Kudahuvadhoo Loamaafaanu (official copper plates with inscriptions), provides that king Al-Sultan Valla Dio Kalaminjaa Siri Raa-Araa Desvaru Mahaa Radun (އައްސުލްޠާން ވައްލާ ދިއޯ ކަލަމިންޖާ ސިރީ ރާއަރާދޭސްވަރު މަހާރަދުން), who ruled the Maldives from 1233 AD to 1258 AD was responsible for spreading Islam to the island. The inscription provides that the citizens of Kudahuvadhoo became Muslim 88 years after the country officially adopted Islam.

==Geography==
The island is 179.84 km south of the country's capital, Malé. It is the capital of the atoll. Kudahuvadhoo is the largest island in Dhaalu Atoll, the other islands in Dhaalu Atoll are quite small.

=== Climate ===
Kudahuvadhoo has a tropical rainforest climate (Köppen: Af).

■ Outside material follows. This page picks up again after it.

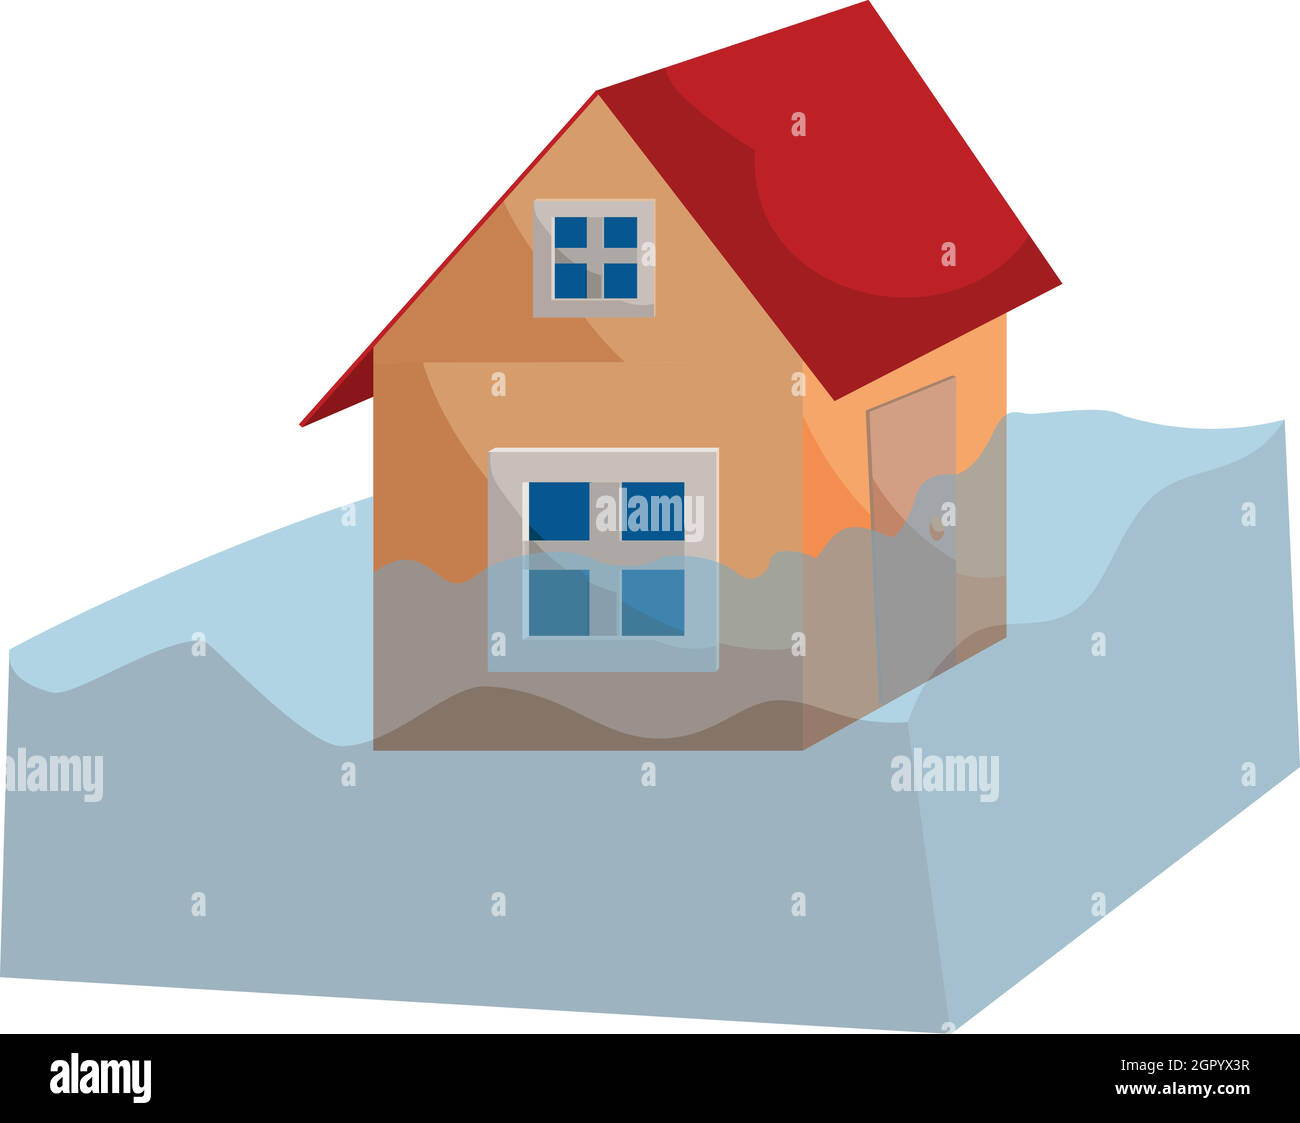 Flood insurance icon, cartoon style Stock Vector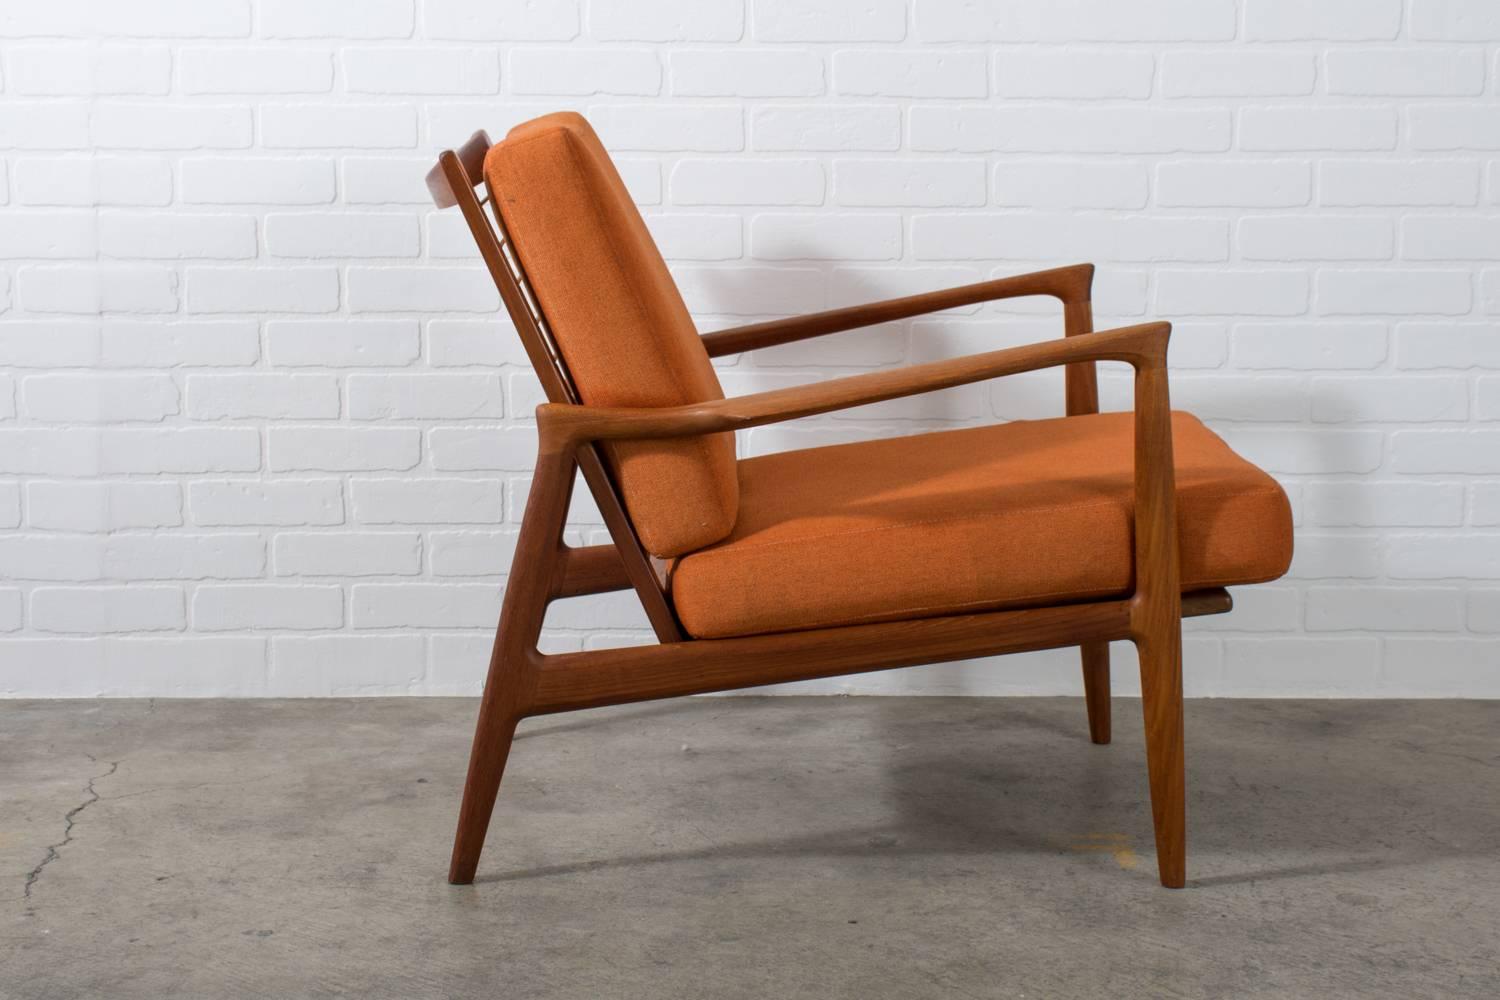 This Danish modern teak lounge chair by Ib Kofod-Larsen for Selig has beautiful curves. New straps. Original orange upholstery.

Climate data for Kudahuvadhoo
| Month | Jan | Feb | Mar | Apr | May | Jun | Jul | Aug | Sep | Oct | Nov | Dec | Year |
| Mean daily maximum °C (°F) | 27.5 (81.5) | 27.8 (82.0) | 28.4 (83.1) | 28.7 (83.7) | 28.6 (83.5) | 28.5 (83.3) | 28.2 (82.8) | 28.1 (82.6) | 28.0 (82.4) | 27.8 (82.0) | 27.6 (81.7) | 27.6 (81.7) | 28.1 (82.5) |
| Daily mean °C (°F) | 27.0 (80.6) | 27.3 (81.1) | 27.7 (81.9) | 28.0 (82.4) | 27.9 (82.2) | 27.9 (82.2) | 27.5 (81.5) | 27.4 (81.3) | 27.3 (81.1) | 27.1 (80.8) | 26.9 (80.4) | 26.9 (80.4) | 27.4 (81.3) |
| Mean daily minimum °C (°F) | 26.3 (79.3) | 26.6 (79.9) | 27.0 (80.6) | 27.1 (80.8) | 26.9 (80.4) | 27.0 (80.6) | 26.6 (79.9) | 26.6 (79.9) | 26.4 (79.5) | 26.2 (79.2) | 26.0 (78.8) | 26.1 (79.0) | 26.6 (79.8) |
| Average precipitation mm (inches) | 89.4 (3.52) | 65.0 (2.56) | 76.8 (3.02) | 125.0 (4.92) | 213.8 (8.42) | 100.6 (3.96) | 128.3 (5.05) | 150.9 (5.94) | 182.1 (7.17) | 216.7 (8.53) | 263.4 (10.37) | 194.3 (7.65) | 1,806.3 (71.11) |
Source: Weather.Directory

==Demography==

According to the 2022 Census, conducted in September 2022, Kudahuvadhoo had a resident population of 3,132 (this number includes the residents of Gemendhoo and Vaanee evacuated to Kudahuvadhoo after the Boxing Day Tsunami of 2004).

==Economy==
People from other islands come to Kudahuvadhoo for better education and health facilities. Moreover, Kudahuvadhoo is the urban hub in the whole central area of the Maldives, which includes Faafu Atoll, Meemu Atoll and Dhaalu Atoll.

==Transport==
Kudahuvadhoo is a fast developing island in the Maldives. Dhaalu Airport, the regional airport for Dhaalu Atoll, is located on Kudahuvadhoo and opened to the public on July 1, 2017. The airport has a 1800m long runway making it one of the largest domestic airports in the Maldives.